**Task statement**
Lines to restate from the data below: from the one containing "Question___Answers_on_the_Employer_Page.png" to the one containing "U.S. Air Force", both included. Give them again exactly, and only them.

**Source material**
++++++

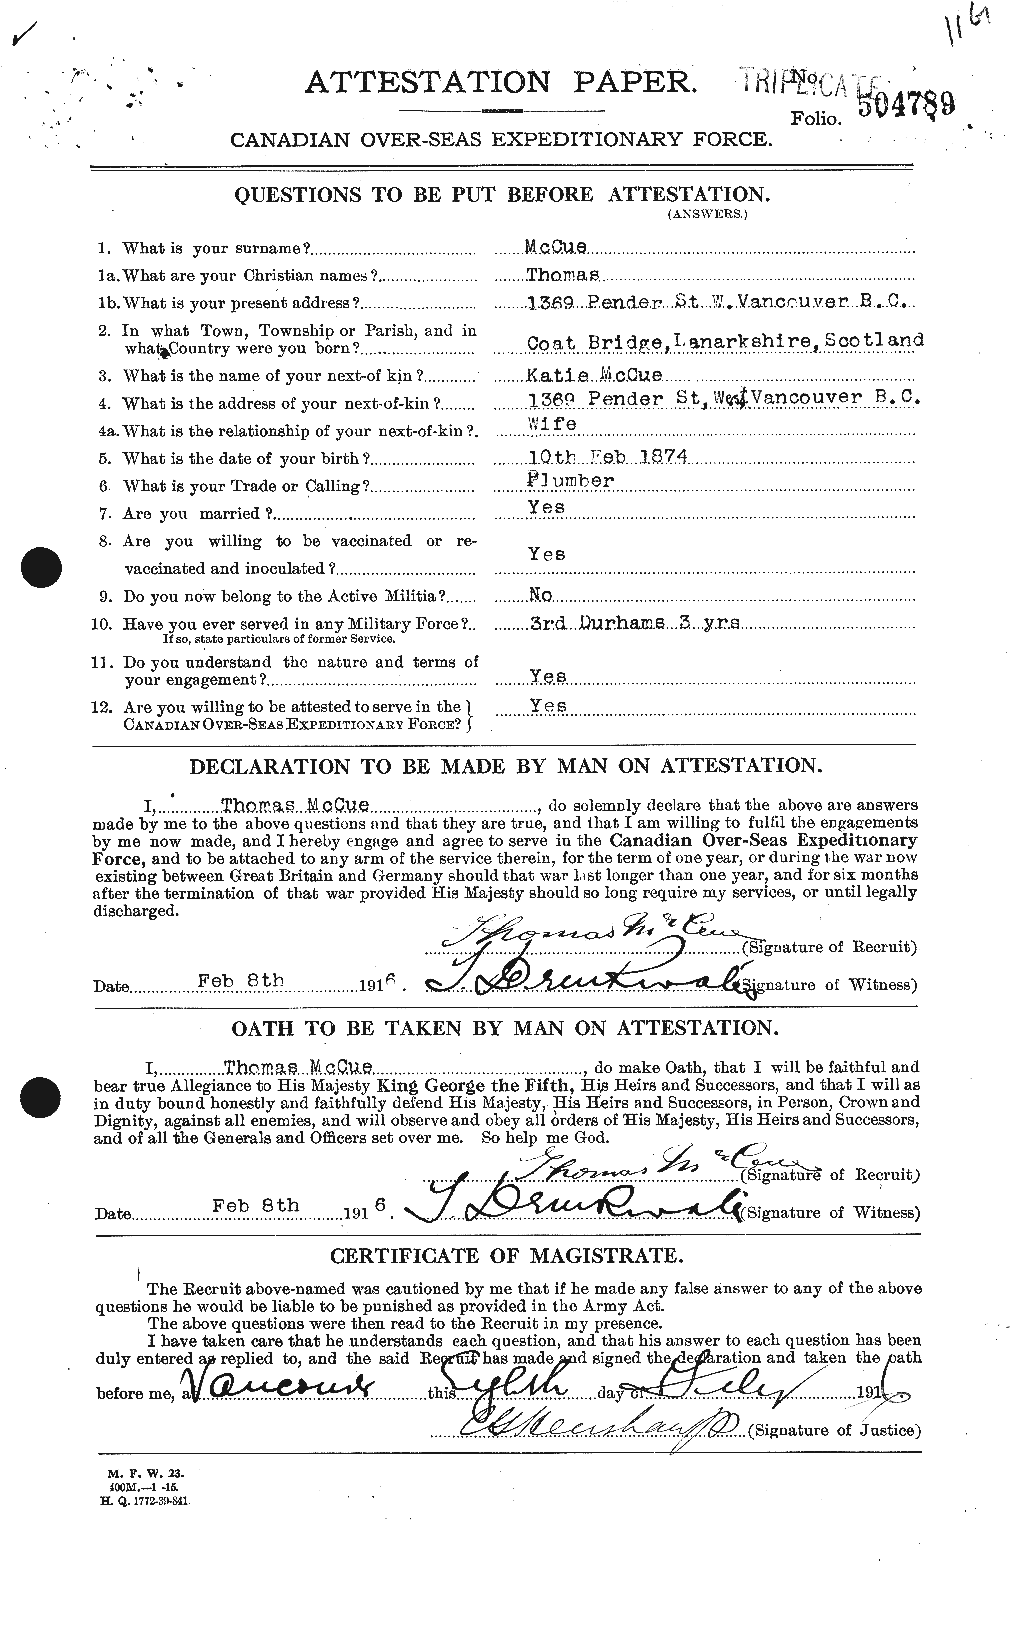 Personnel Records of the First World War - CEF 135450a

++++++

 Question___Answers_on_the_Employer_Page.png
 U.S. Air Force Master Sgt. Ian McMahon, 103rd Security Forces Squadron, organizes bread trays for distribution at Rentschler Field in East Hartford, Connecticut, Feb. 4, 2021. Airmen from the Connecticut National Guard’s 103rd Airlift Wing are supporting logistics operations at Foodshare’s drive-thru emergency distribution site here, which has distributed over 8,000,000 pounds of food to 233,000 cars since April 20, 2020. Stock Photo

++++++

**Completed task**
 Question___Answers_on_the_Employer_Page.png
 U.S. Air Force Master Sgt. Ian McMahon, 103rd Security Forces Squadron, organizes bread trays for distribution at Rentschler Field in East Hartford, Connecticut, Feb. 4, 2021. Airmen from the Connecticut National Guard’s 103rd Airlift Wing are supporting logistics operations at Foodshare’s drive-thru emergency distribution site here, which has distributed over 8,000,000 pounds of food to 233,000 cars since April 20, 2020. Stock Photo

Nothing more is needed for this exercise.